Arrebujado entre mantas, con un pijama de franela, calcetines de lana, y el estómago porfiando por asentar un vaso de leche caliente con un fondo de miel y una copa de brandy, yacía yo en una de las alcobas de la casa de mi abuela, a la espera de que la suma de todos estos remedios de medicina consuetudinaria me hicieran superar lo que, sumariamente, se me había diagnosticado como un “enfriamiento”. La fiebre y el pastoso aroma del café proveniente del cuarto del fondo convirtieron mis pensamientos en alucinaciones.

Las mujeres de mi realidad se sumaron a las mujeres de mi ficcionalidad, pero la adición me ofreció una resultante femenina que vi bastante amenguada y fuera de foco. La Sigrid del Capitán Trueno o la Claudia del Jabato me parecían tan ensombrecidas como Lois Lane, Mary Jane Watson, Selina Kyle, Betty Ross, Carol Ferris y hasta Sue Storm, la mujer invisible (todo un pleonasmo).

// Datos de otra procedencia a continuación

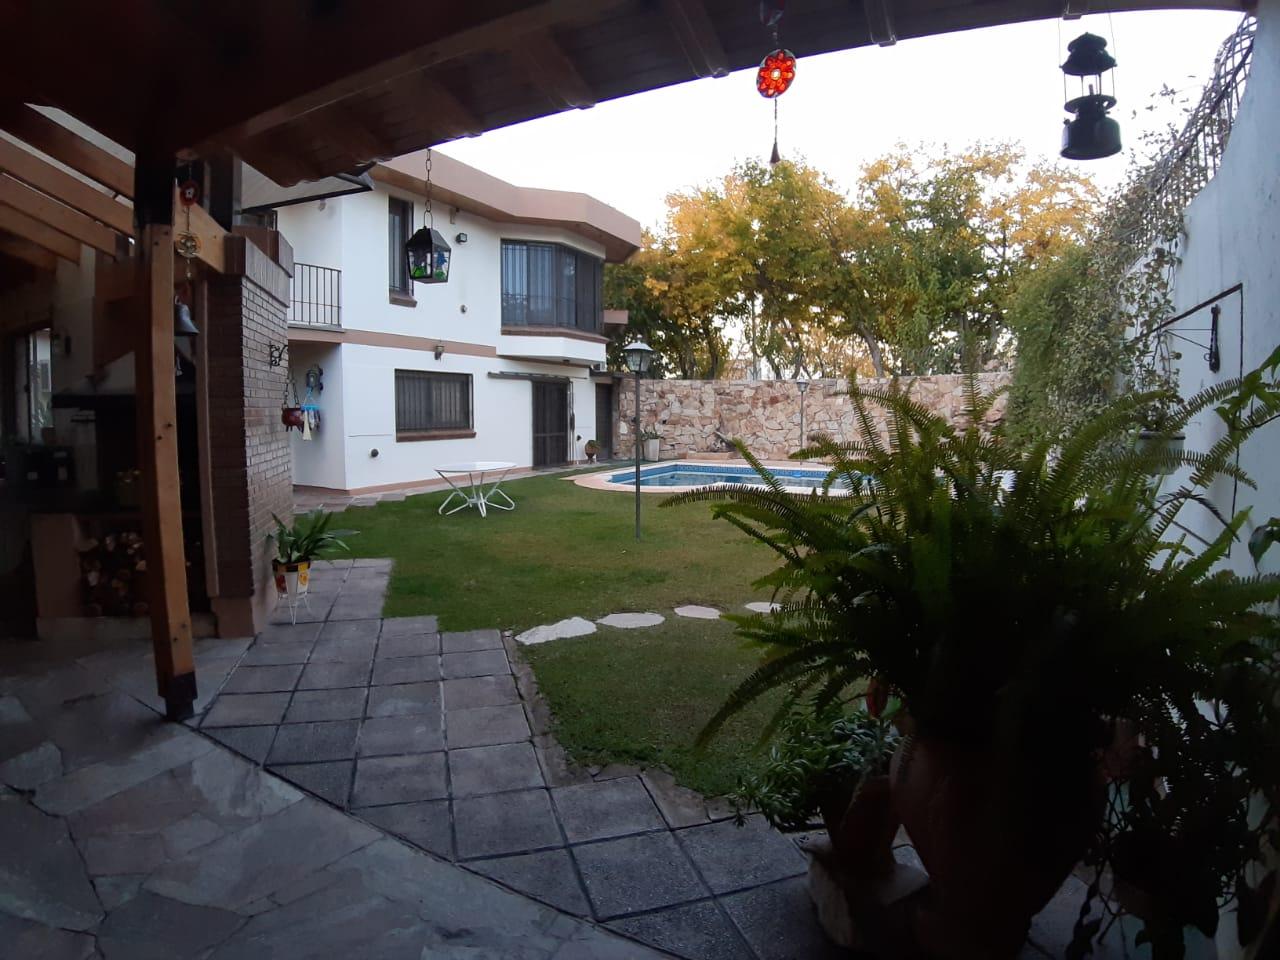 Casa CALLE GUTIERREZ a metros de LAS CAÑAS, Dorrego – 4 Habitaciones – Pileta – Churrasquera – Cochera Múltiple

Pensé que estos arquetipos de heroínas (la mayoría, parejas de superhéroes) estaban aquejadas por el mal del desprecio y del estigma que la mujer ha padecido a lo largo de la historia tanto en el mito como en el logos.

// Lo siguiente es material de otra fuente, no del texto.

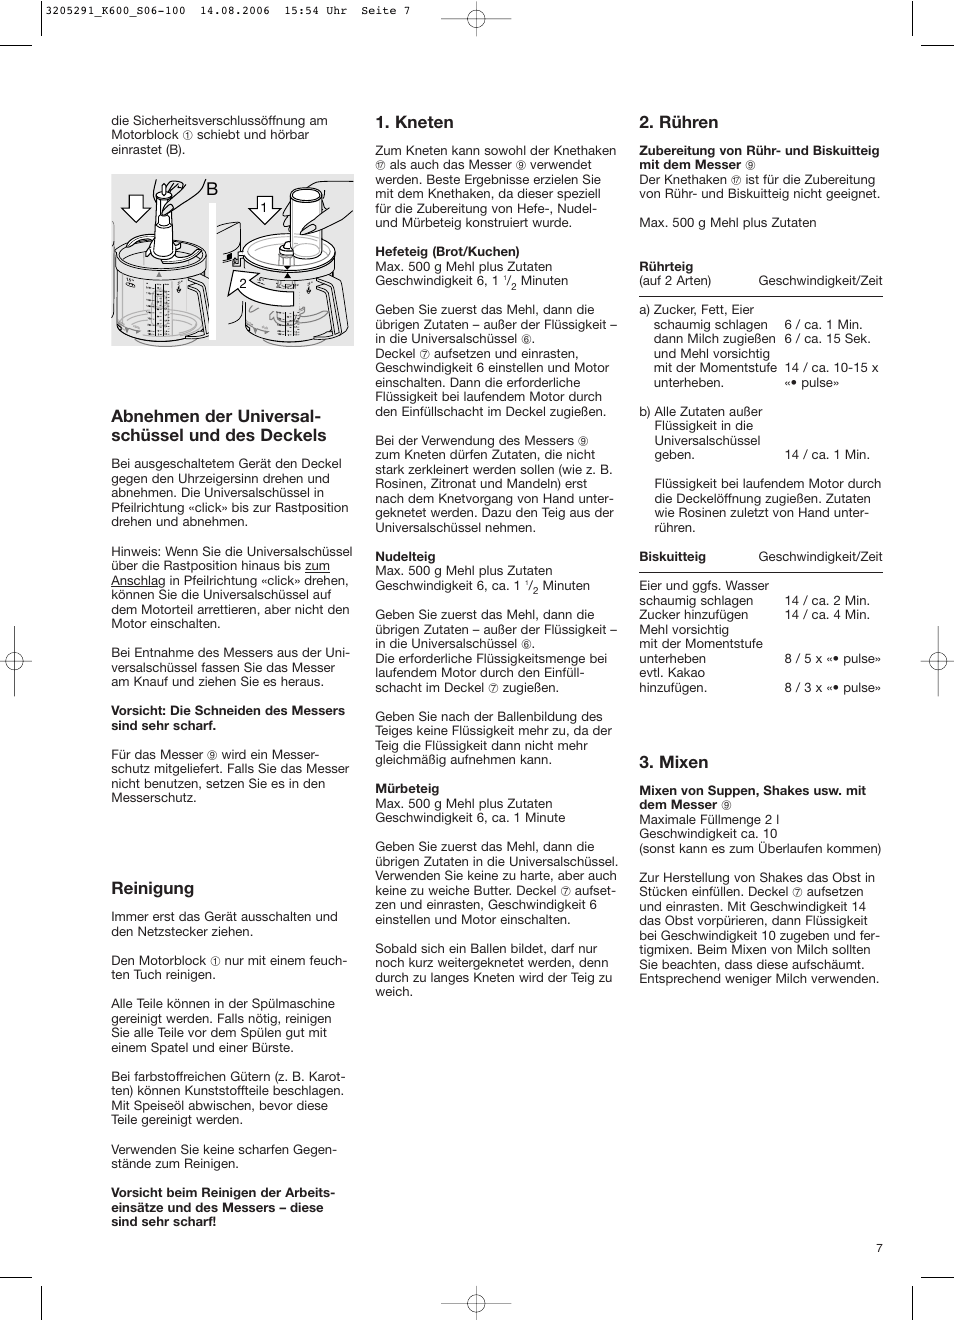 Abnehmen der universal- schüssel und des deckels

Sumidas en la oscuridad del cuarto del fondo, degustando el café de puchero de mi abuela, sentadas en torno a la mesa de formica, se me apareció la despechada reina Inana, rechazada por Gilgamesh; junto a ella, Dido, abandonada por Eneas, hablaba con Helena de Troya y con Medea sobre la inconstancia del temperamento masculino. En otro extremo de la mesa, Eva y Pandora reivindicaban la curiosidad y el derecho al saber. A continuación, Circe, Calipso, las sirenas y las amazonas prohijaban a la prostituta de Babilonia, mientras escuchaban las razones de Llilith, Betsabé, Judith, Salomé y María Magdalena para constituir una liga justiciera en defensa de la mujer maltratada.

Finalmente, Cleopatra trufaba ideas propias en su lectura de un discurso redactado por Mata Hari, que contenía subversivas consignas contra la sumisión femenina a la autoridad del varón sancionada por el Código de Hammurabi. La reina egipcia, auxiliada por la espía en labores de gabinete, se dirigía a un grupo de discípulas fervorosas entre las que se encontraban las monjas pioneras del primer corpus budista en lengua pali, Rama y Sita, salidas del Ramayana de Valmiki, y, junto a ellas, todas las brujas que ardieron en la hoguera desde la Edad Media hasta las puertas de la Edad Contemporánea. En esta espiral, me quedé dormido.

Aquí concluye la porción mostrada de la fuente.